La voz de Windy acabó con su silencio.

—Un vitral horrible, si me permites decirlo—añadió, con su particular tono lleno de desinterés.

—No lo permito—contestó fríamente.

Windy chasqueó su lengua. No lo estaba mirando, pero sabía que se estaba riendo. —Lightning, ¿no te parece irónico que estemos disfrazados de la amenaza?

Lightning lo miró de reojo, con su expresión llena de seriedad. Claramente, Windy se refería al hecho de que hayan cambiado su forma a una más humana, con la ayuda de los cuerpos SOLtiS. —Será por poco tiempo—respondió vagamente mientras comenzaba a seguir su camino por el pasillo, decidido a dejar a Windy solo—Recuerda decirle a Soulburner que puede salir a buscar a Playmaker cuando quiera.

Pudo escuchar sus pasos siguiéndolo por detrás mientras bufaba—Pero nunca me explicaste la razón—dijo ignorando completamente la última orden, ya que resultaba obvio que la tomaría.

—¿Por qué debería?

Lightning se negaba a mirarlo, Windy detestaba eso de él.
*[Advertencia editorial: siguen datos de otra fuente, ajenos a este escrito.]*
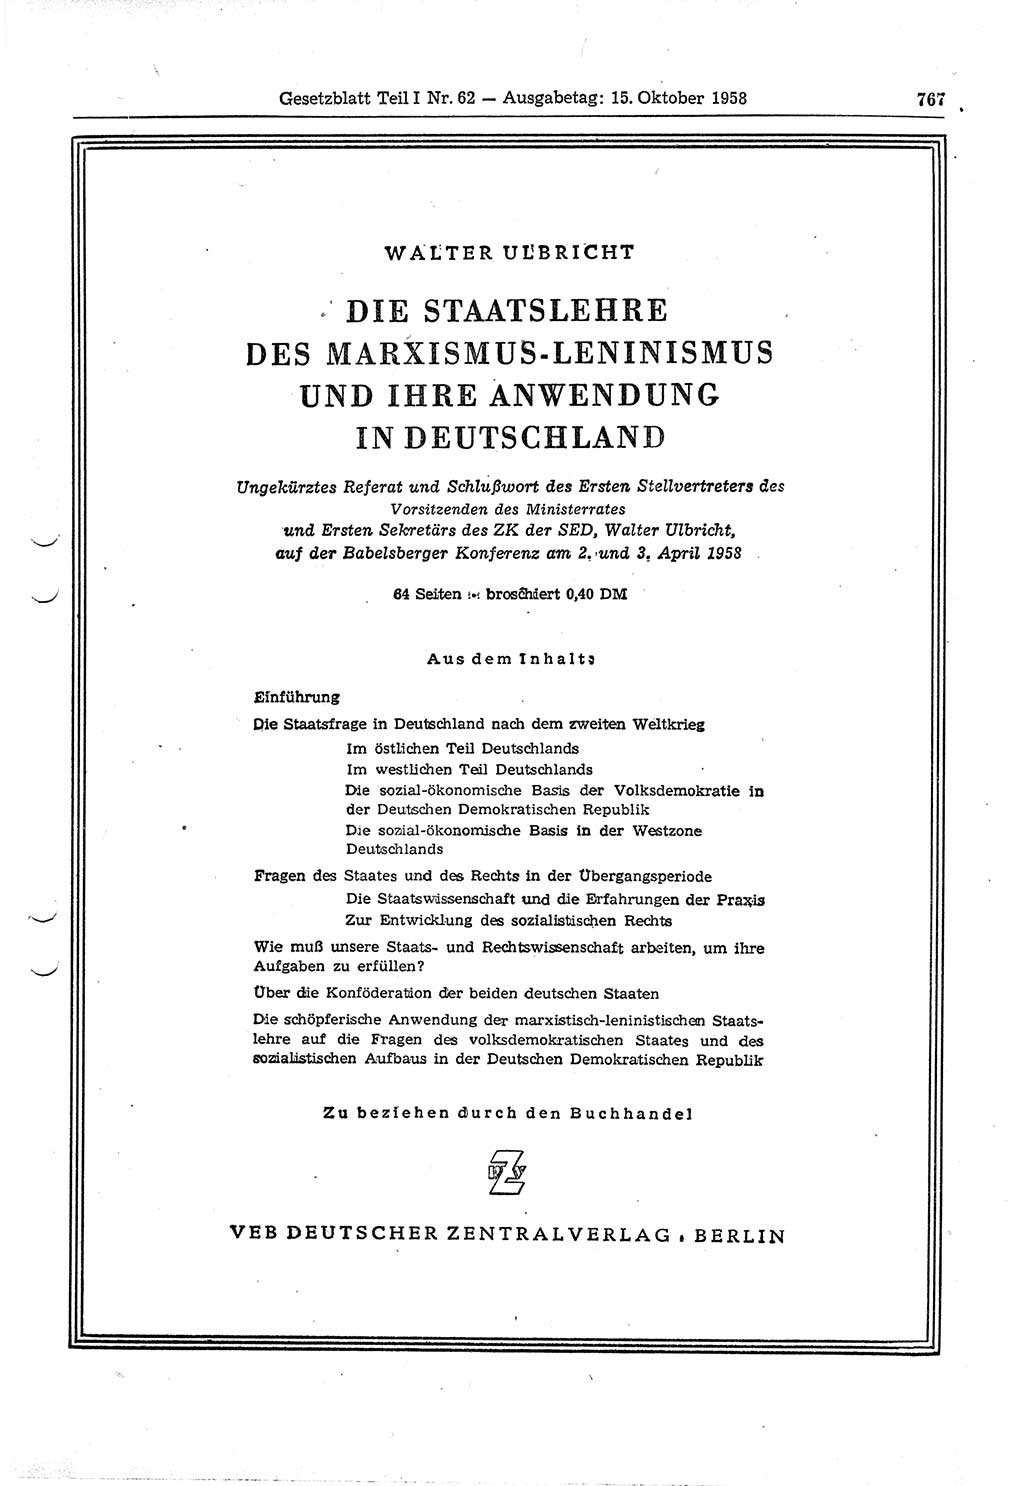 Gesetzblatt (GBl.) der Deutschen Demokratischen Republik (DDR) Teil Ⅰ 1958, Seite 767 (GBl. DDR Ⅰ 1958, S. 767)
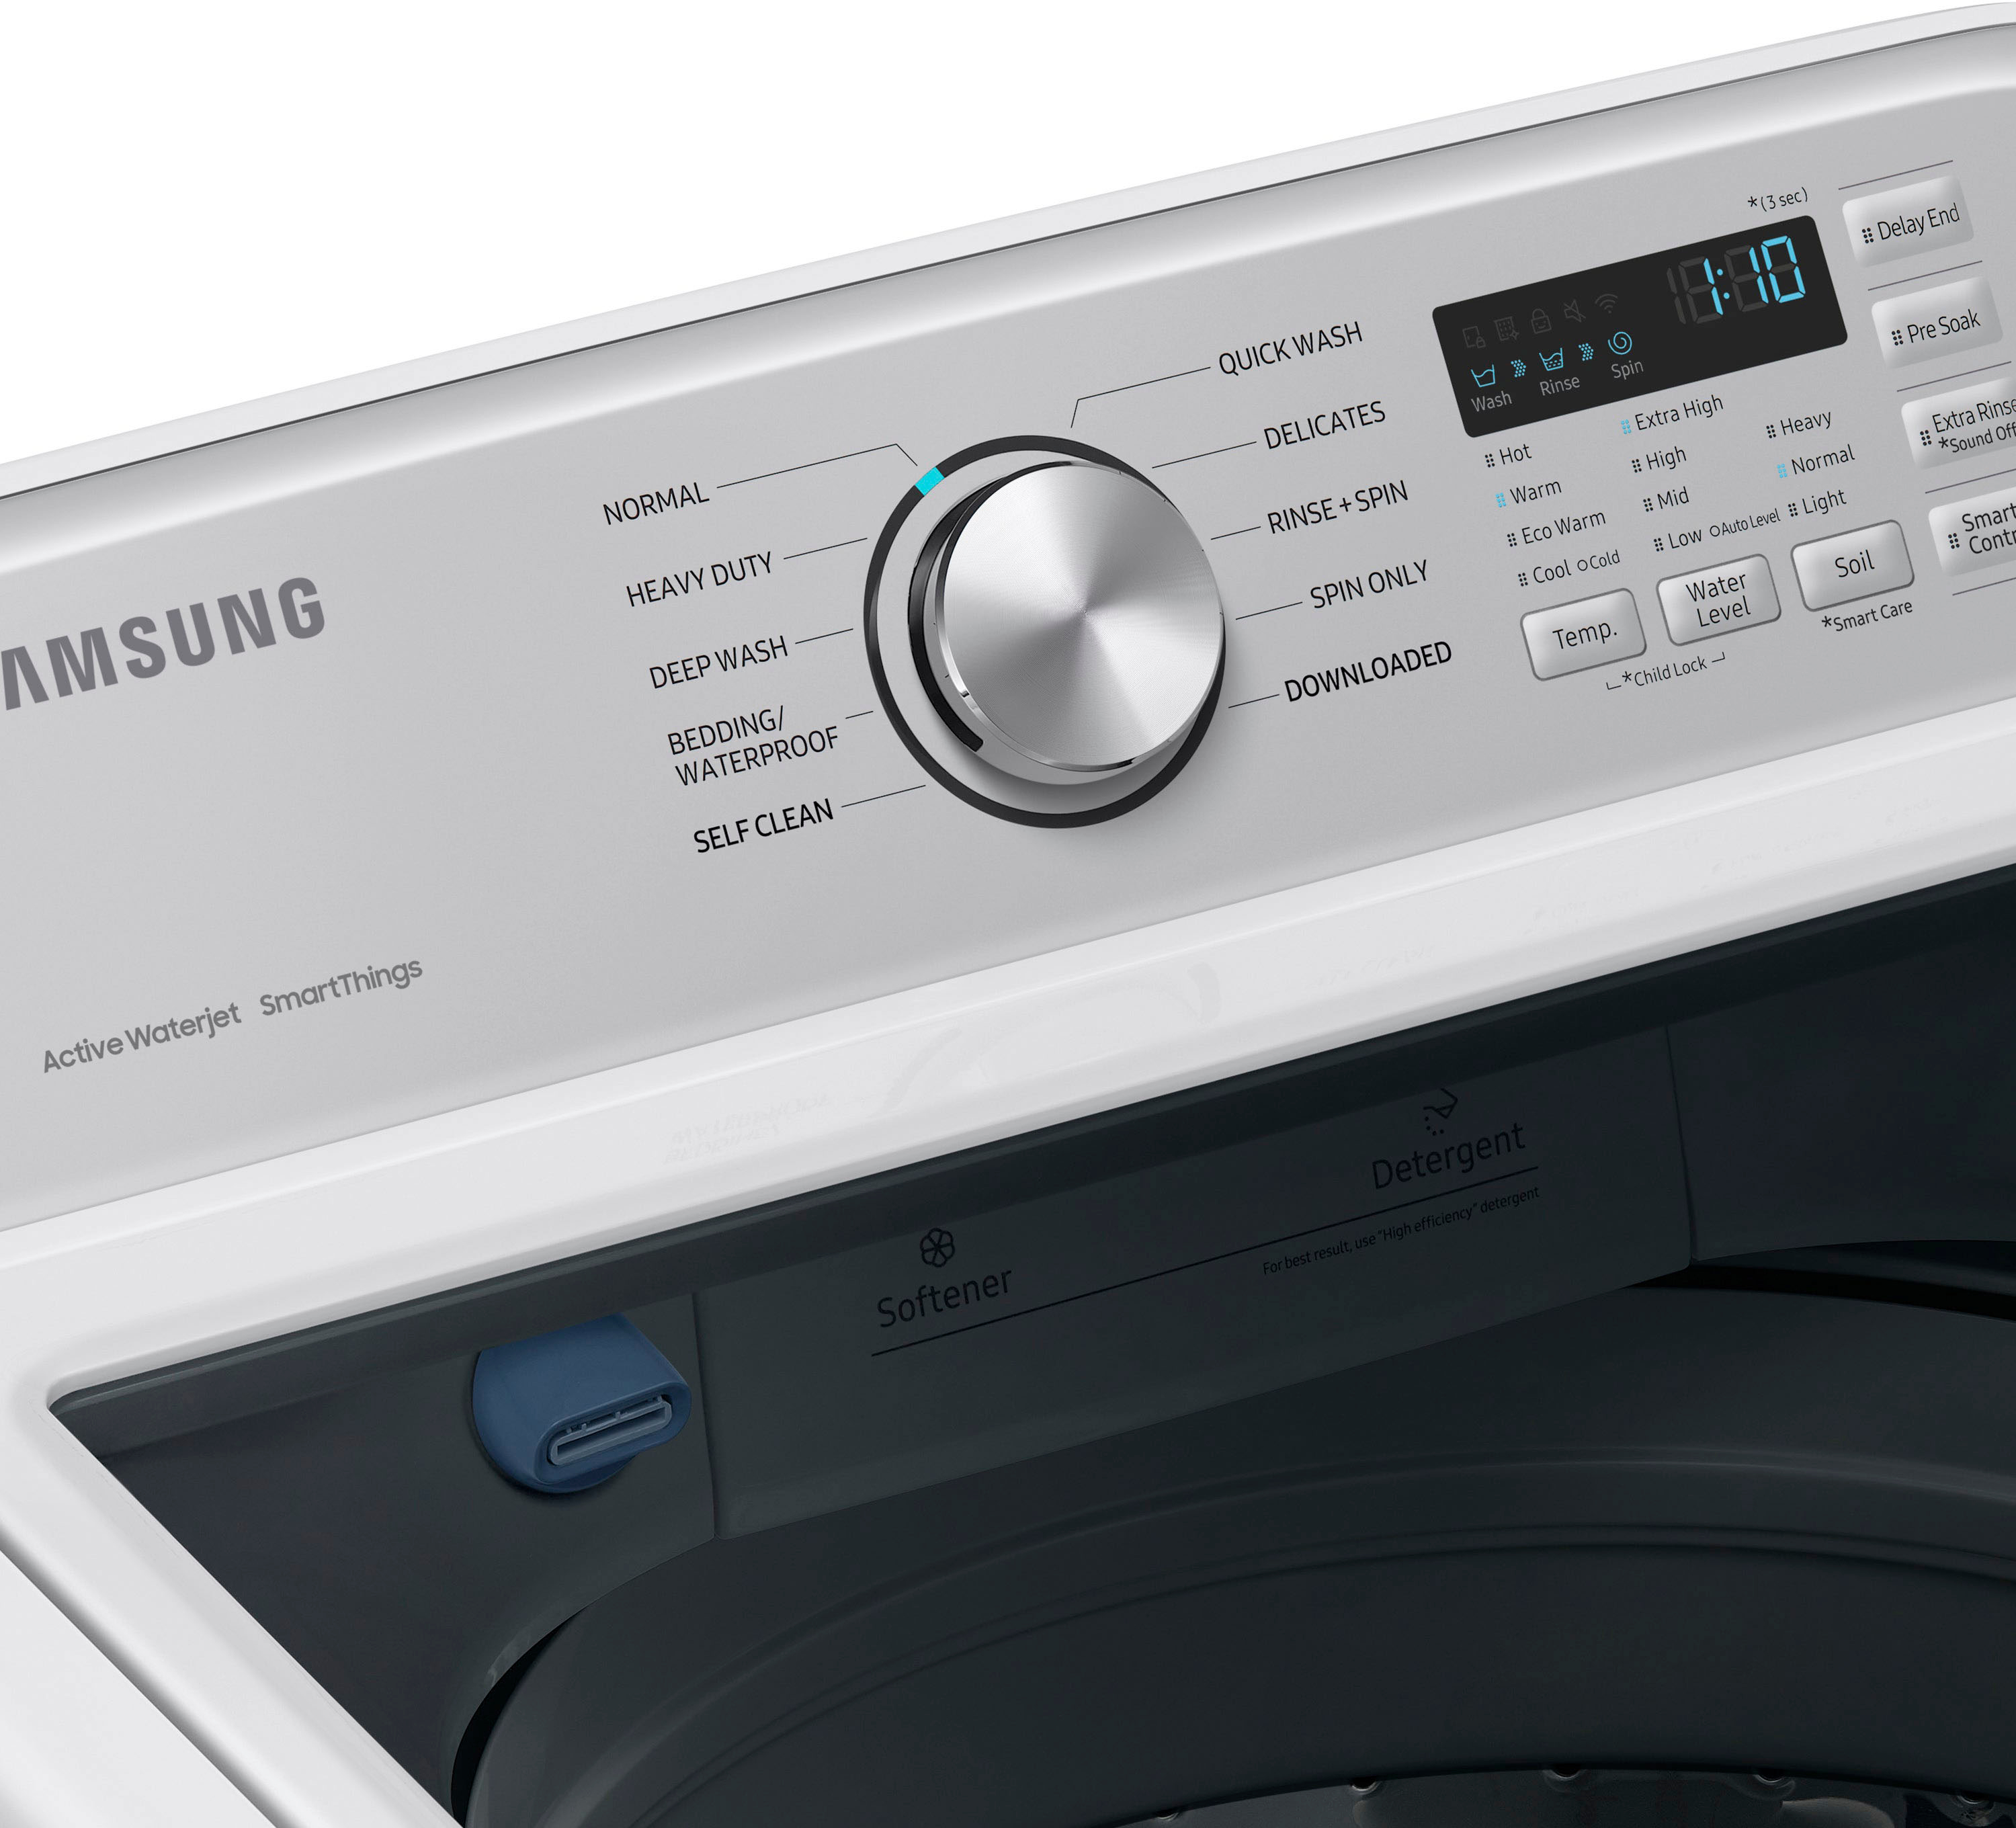 Samsung 4.7-cu ft High Efficiency Impeller Smart Top-Load Washer

En ese sentido, tenía mucho en común con Flame. Ninguno de los dos era capaz de mirarlo, de emitir más que unas pocas palabras que parecían salir solo para hacerlo callar. Era como si el Ignis de viento solo fuese una molesta brisa pasajera.

Windy trató de apurar el paso para estar frente al Ignis de luz y detener su paso. Había una diferencia de altura, pero no quería sentirse pequeño frente a nadie. Mucho menos frente a Lightning o Flame.

—Por la misma razón por la que yo decidí estar a tu lado. Fui el único que estuvo para ti cuando nadie más lo hizo, mínimamente podrías decirme lo que piensas.

La voz de Windy resonó en el pasillo, donde solo estaban ellos dos. Hubo unos cortos segundos antes de recibir la respuesta de Lightning.

Sonrió. Una diminuta sonrisa ladina ocupaba su rostro.

¿Se estaba burlando?

Lightning finalmente lo miró a los ojos, causando que el Ignis de viento se estremeciera, sobre todo ni bien este comenzó a pasar su mano suavemente por su cabello, bajando hasta su mentón. —Te pusiste de mi lado, pero no me conoces en lo absoluto.

Su mano viajó por el rostro de Windy, dos de sus dedos posando sobre el parche—Sin embargo, yo conozco todo de ti. Sé de lo que eres capaz y de lo que no.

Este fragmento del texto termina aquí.